PROBLEM REQUIREMENTS -> Your task is to retype, exactly, the line containing "Tampa Bay's highest" and every later line through the end of the listing, with pictures omitted.

[INFORMATION SHOWN Boundary: Start]

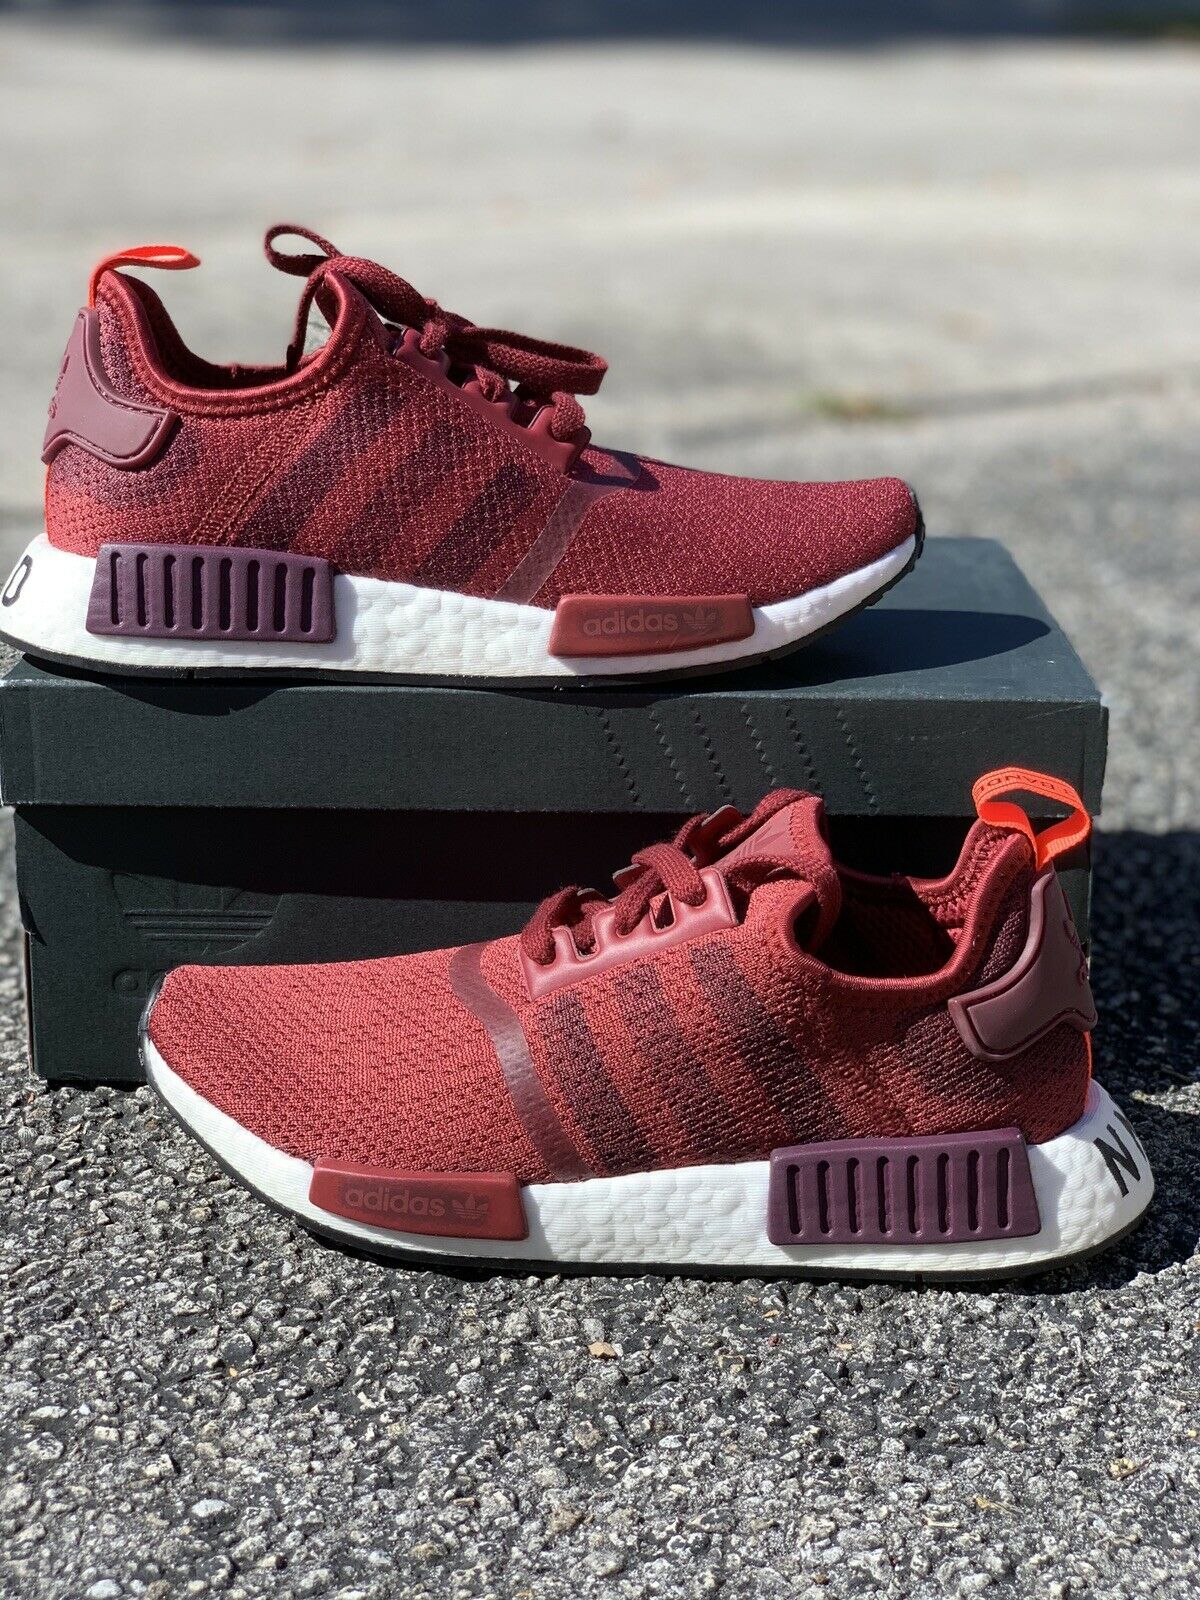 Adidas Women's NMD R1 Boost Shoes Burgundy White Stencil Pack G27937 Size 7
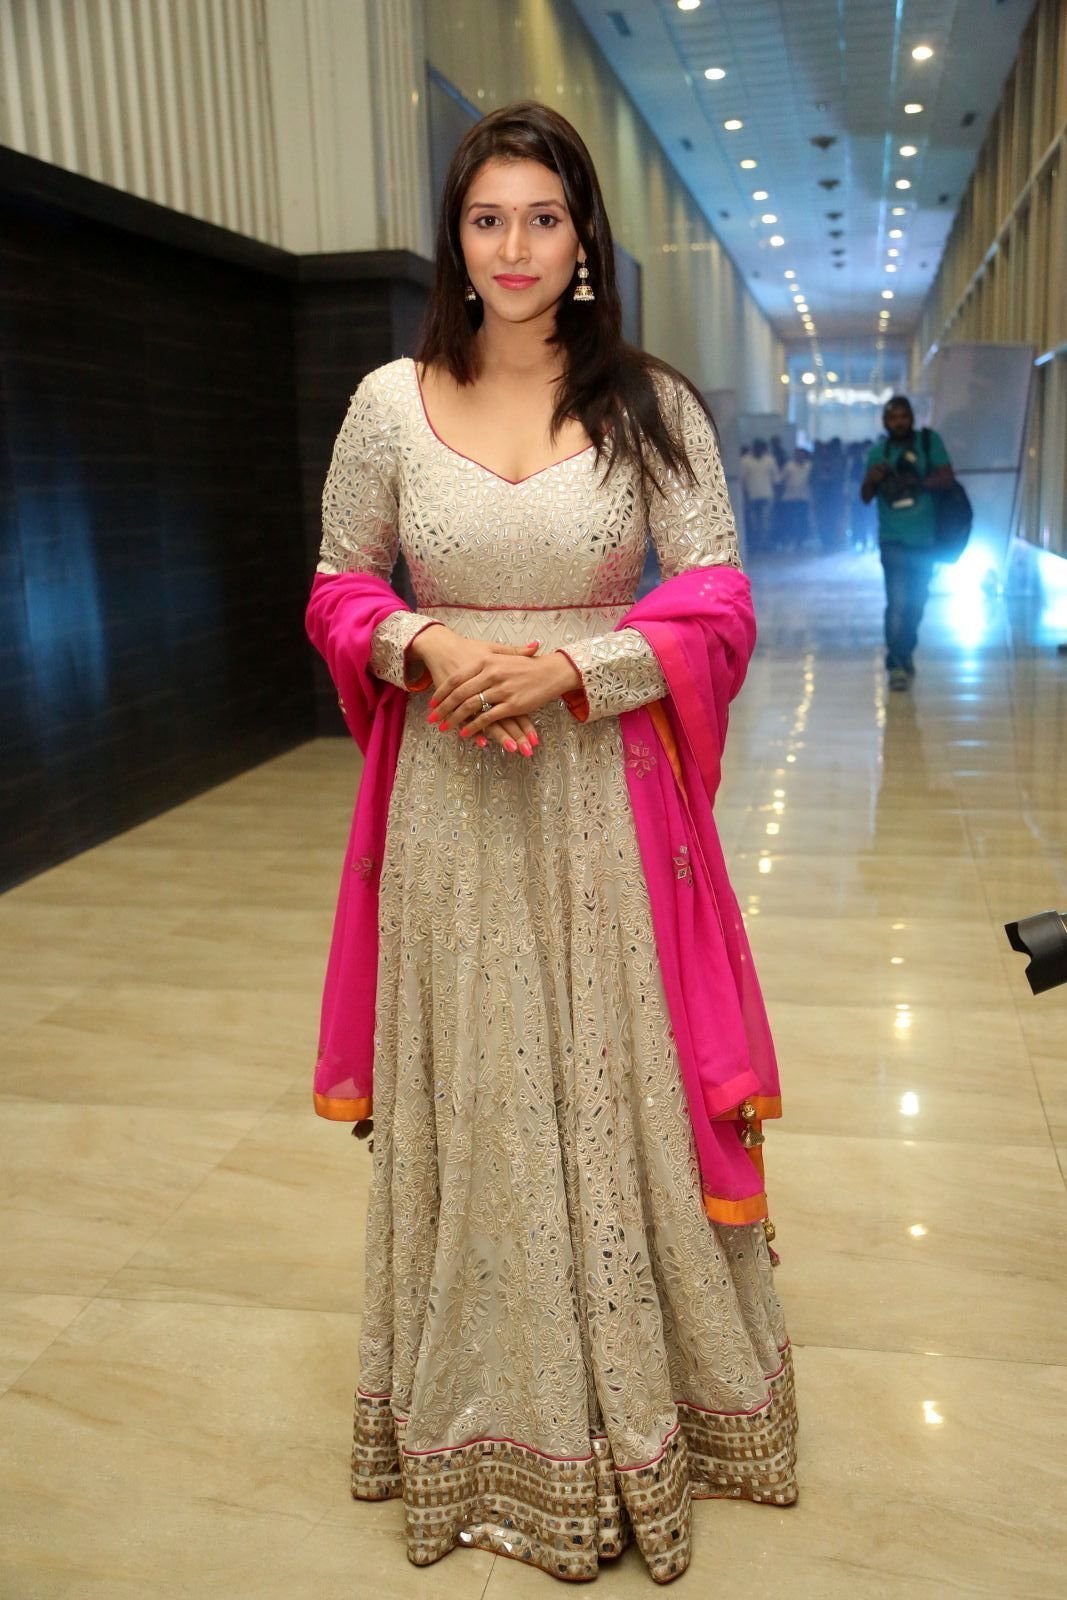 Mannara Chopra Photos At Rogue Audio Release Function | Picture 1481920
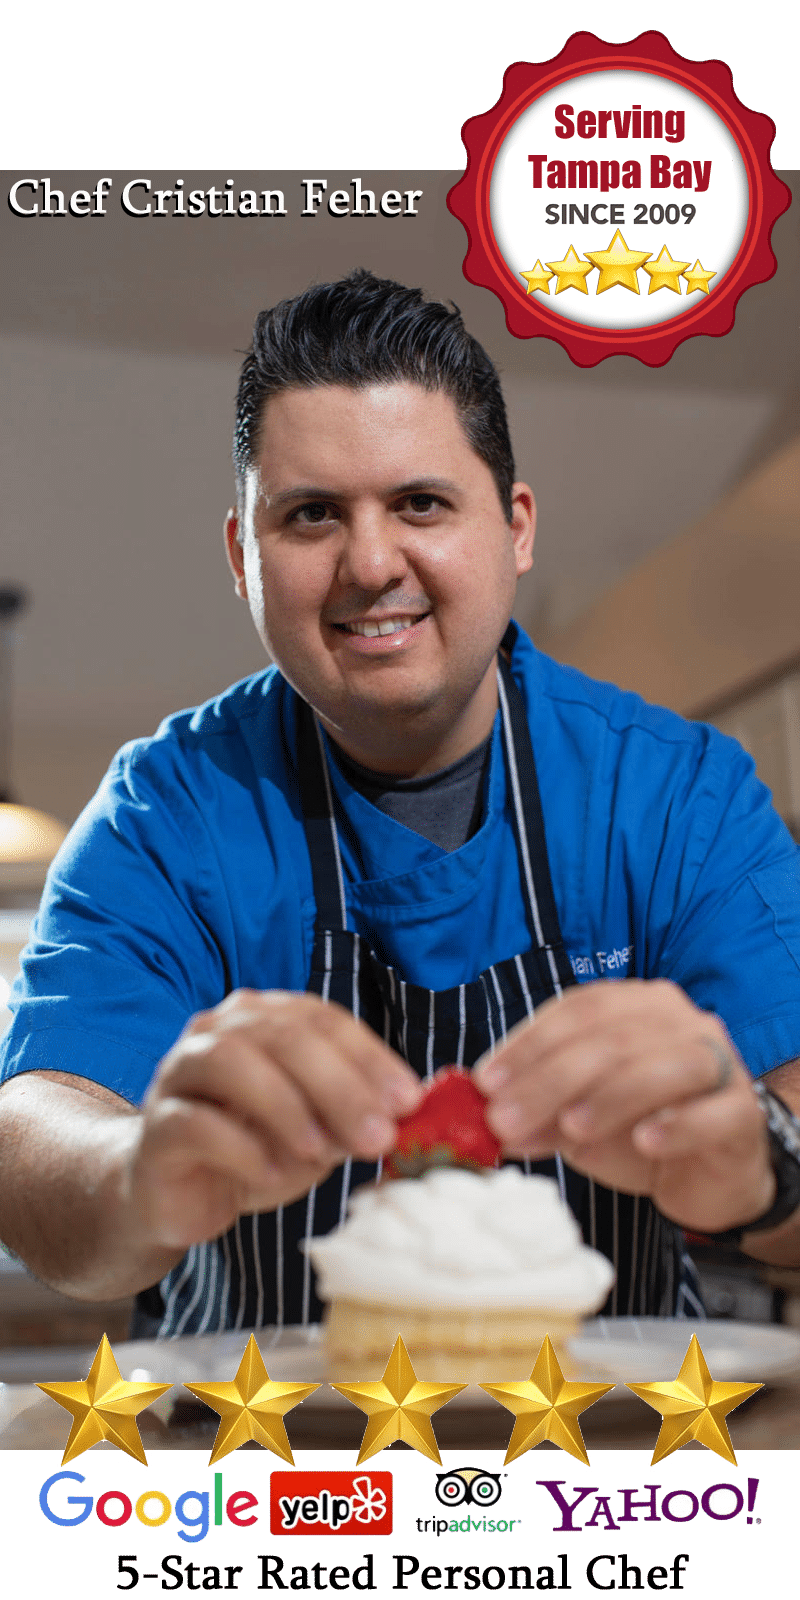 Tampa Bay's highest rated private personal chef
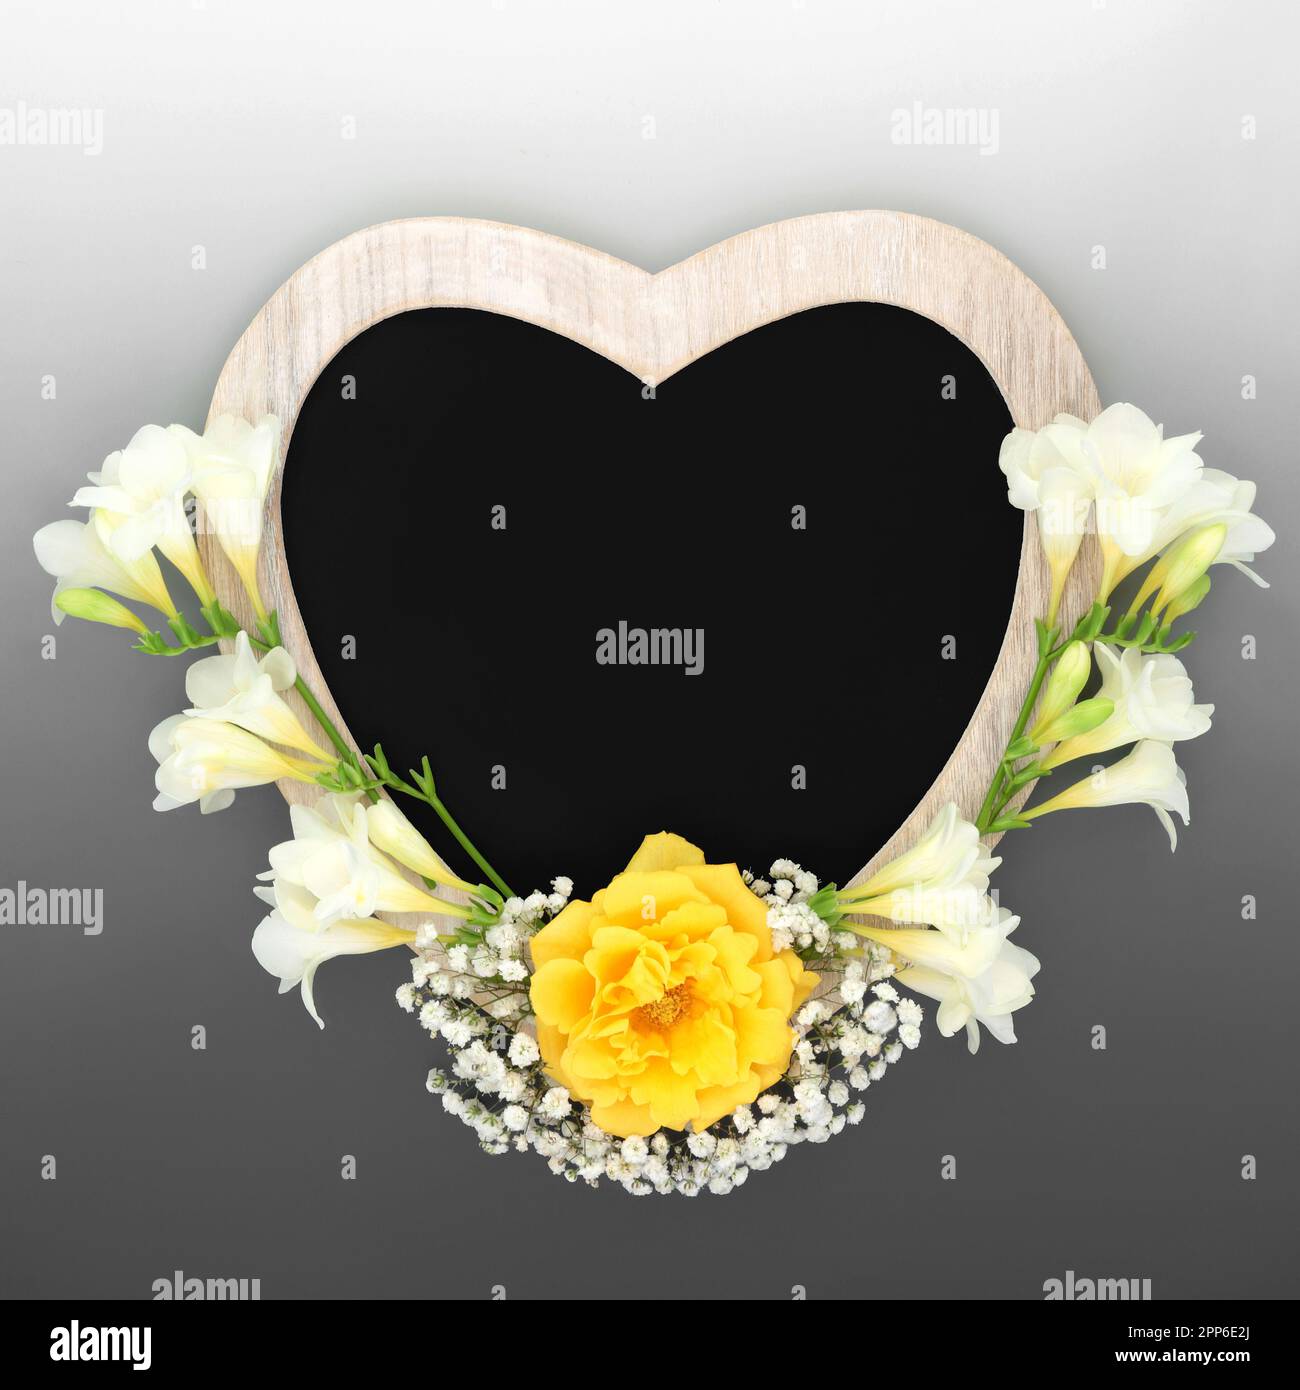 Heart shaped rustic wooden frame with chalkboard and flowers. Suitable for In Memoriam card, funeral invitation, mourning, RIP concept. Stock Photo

[INFORMATION SHOWN Boundary: End]

ANSWER ->
 Tampa Bay's highest rated private personal chef
 Heart shaped rustic wooden frame with chalkboard and flowers. Suitable for In Memoriam card, funeral invitation, mourning, RIP concept. Stock Photo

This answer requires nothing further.